[Opening DATASET EXTRACT section]

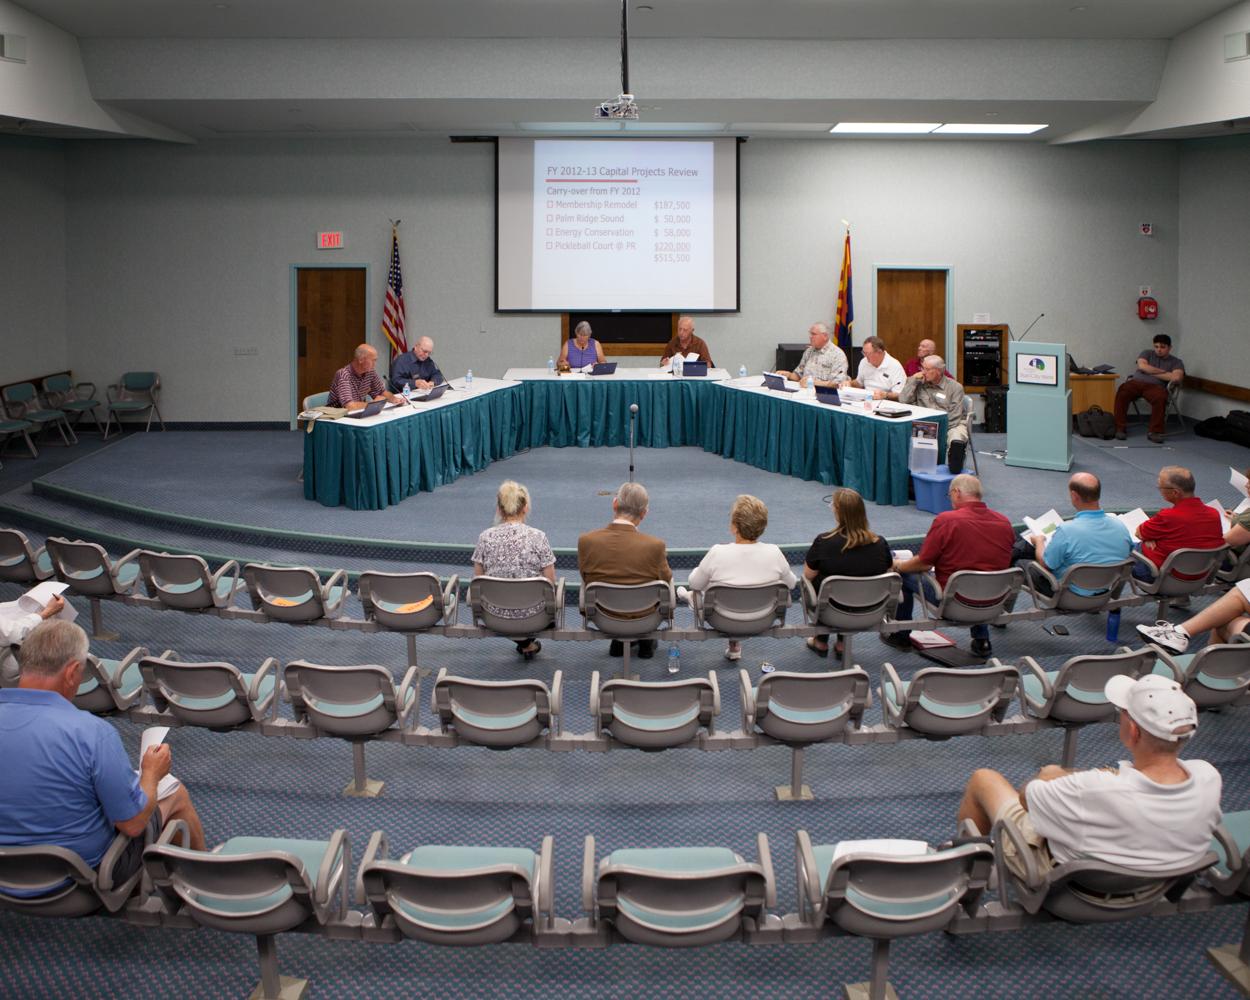 Session publique mensuelle du board, Sun City West
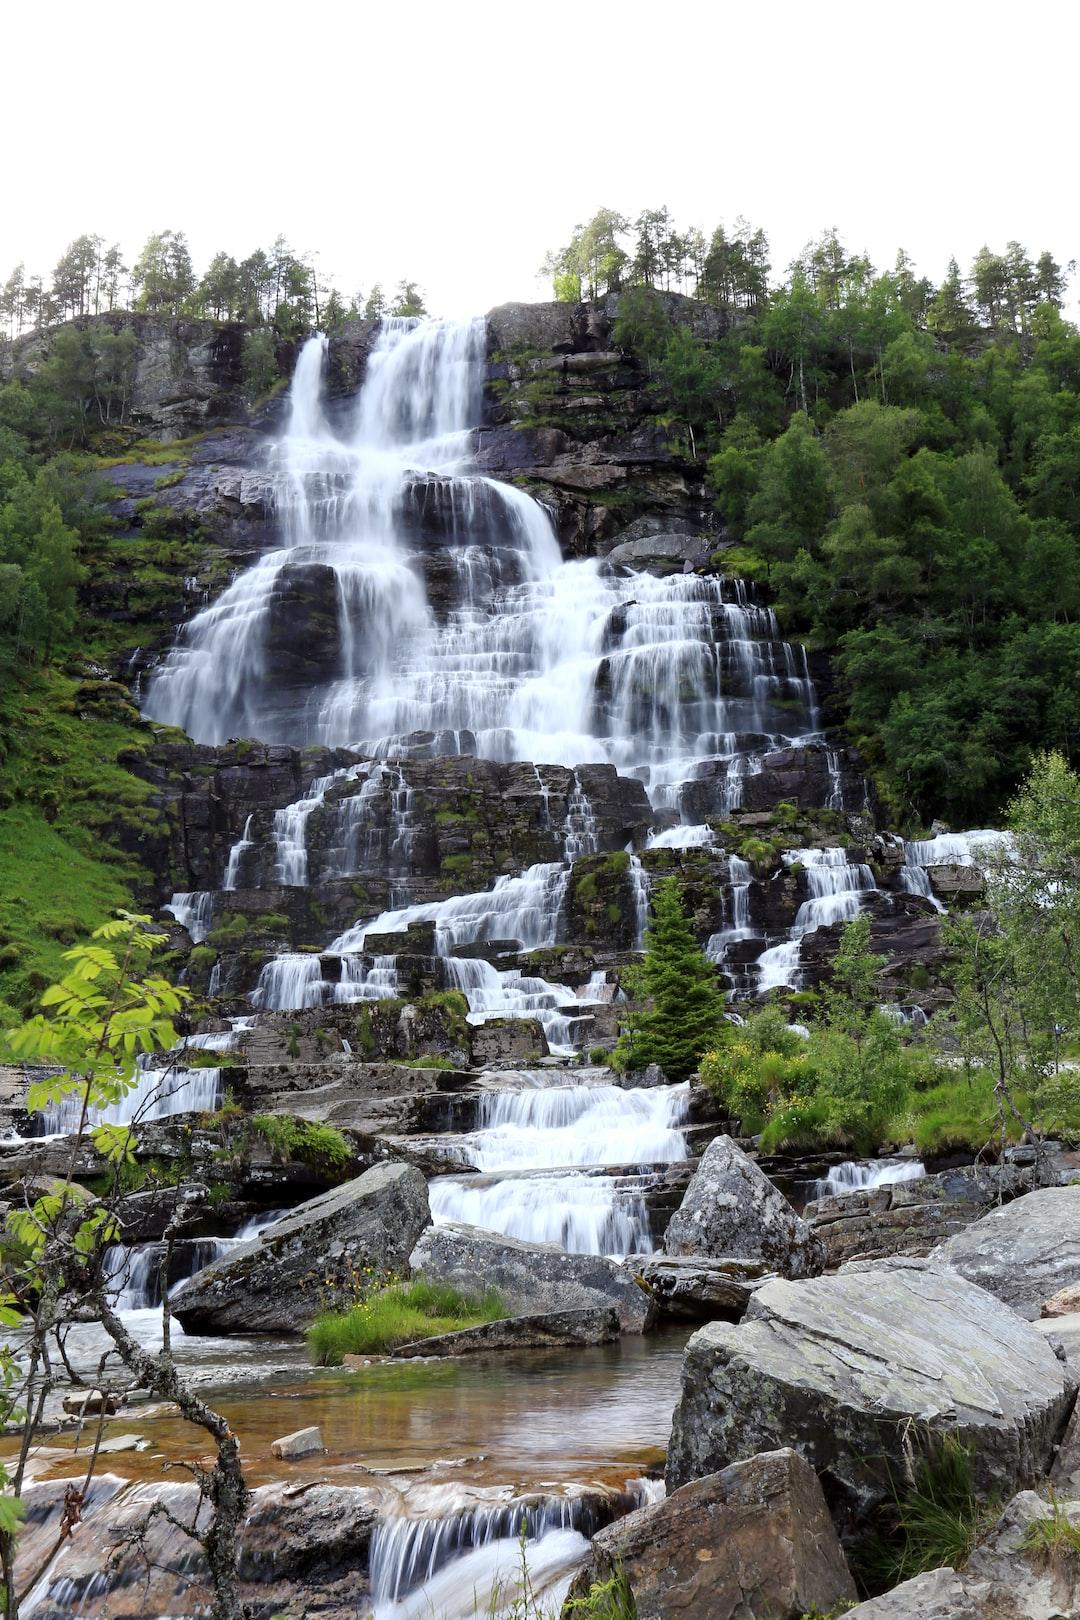 Impressive cascading waterfall: Trollafossen in South Norway
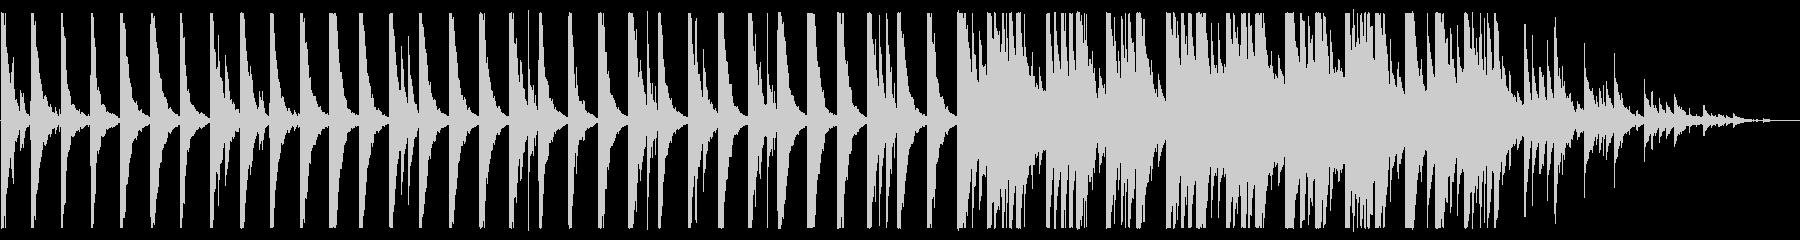 キラキラ/エレクトロニカ_No441_3の未再生の波形
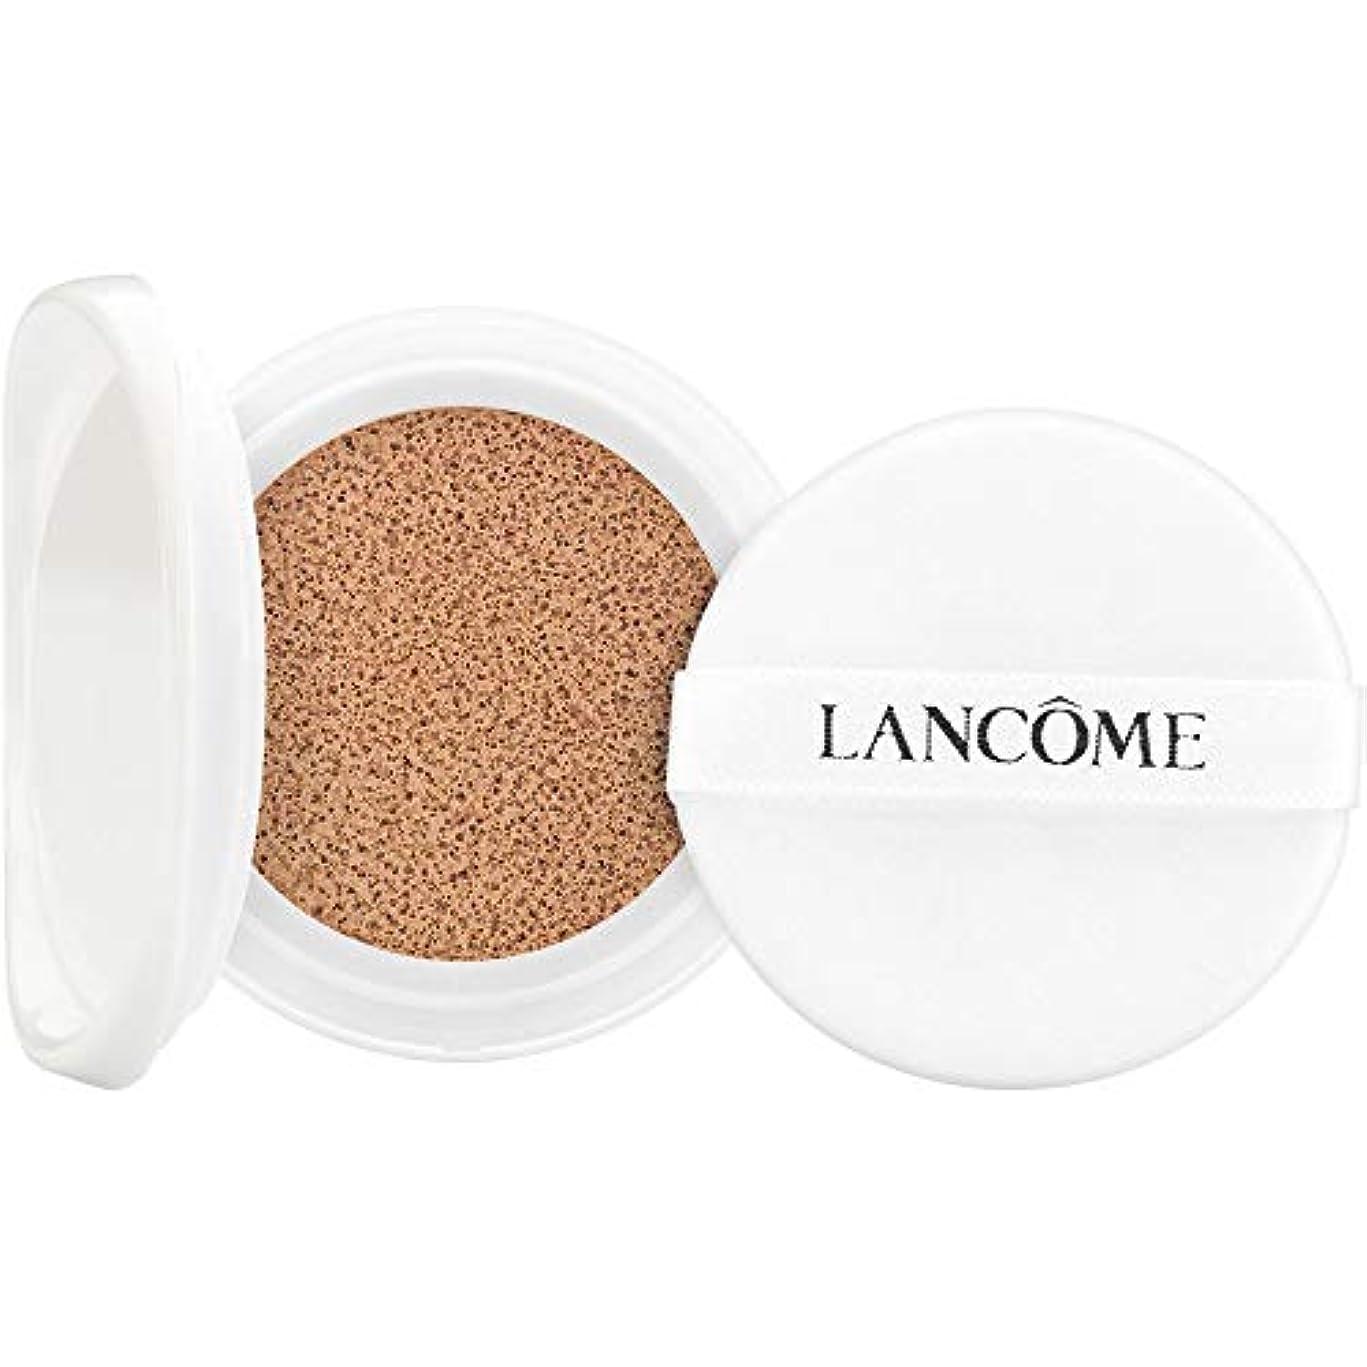 ボクシングハーフタック[Lanc?me] ランコムの奇跡クッション液体クッションコンパクトSpf23 - リフィル14グラム035 - ベージュDore - Lancome Miracle Cushion Liquid Cushion Compact...
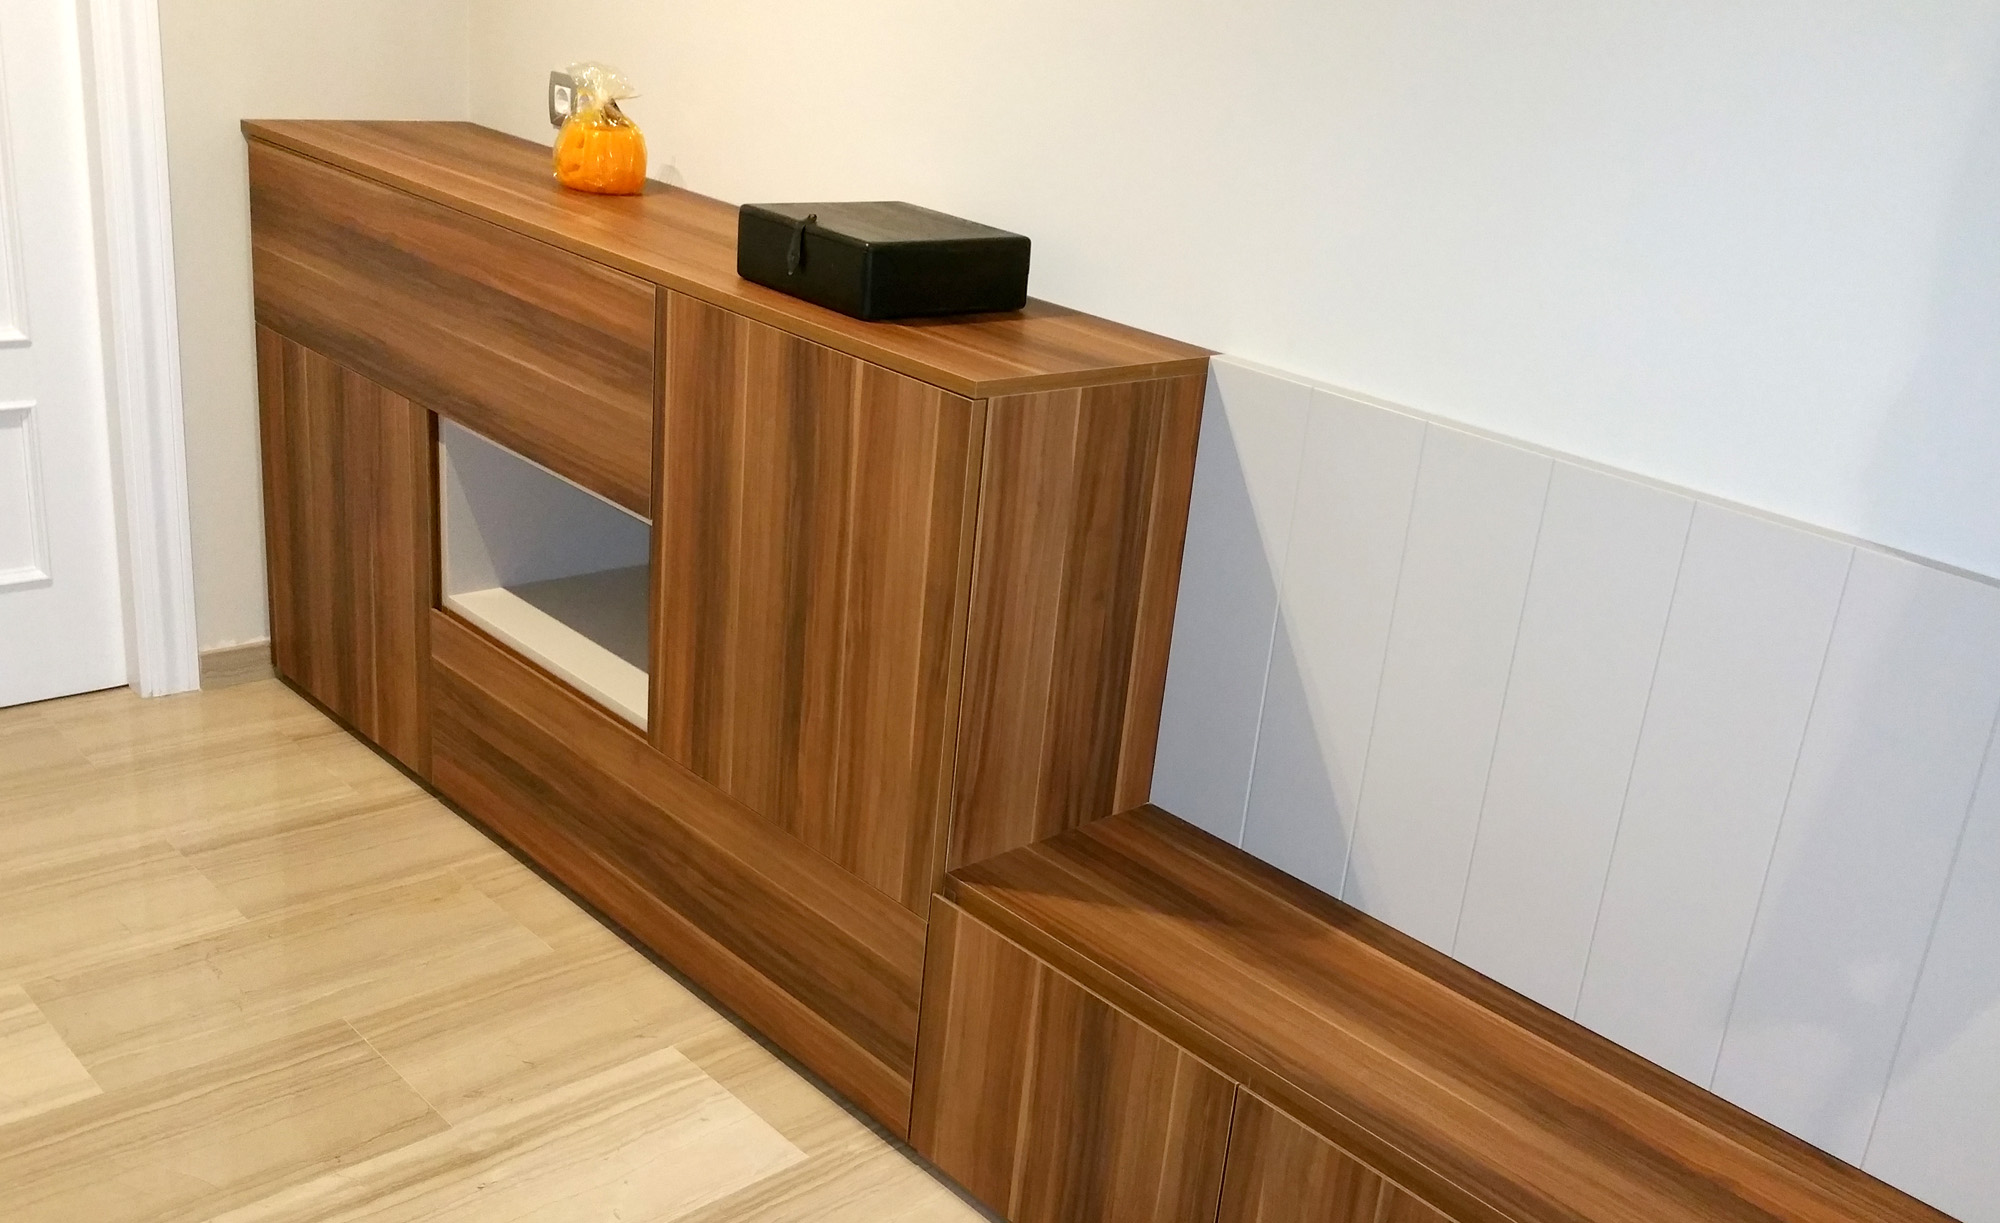 Mueble recibidor a medida en melamina color imitación madera y laca satinada con tirador uñero a inglete

[Closing DATASET EXTRACT section]

> [WORK TO BE COMPLETED]:
Please copy every entry exactly, without the pictures.

> [ANSWER SPACE]:
 Session publique mensuelle du board, Sun City West
 Impressive cascading waterfall: Trollafossen in South Norway
 キラキラ/エレクトロニカ_No441_3の未再生の波形
 ボクシングハーフタック[Lanc?me] ランコムの奇跡クッション液体クッションコンパクトSpf23 - リフィル14グラム035 - ベージュDore - Lancome Miracle Cushion Liquid Cushion Compact...
 Mueble recibidor a medida en melamina color imitación madera y laca satinada con tirador uñero a inglete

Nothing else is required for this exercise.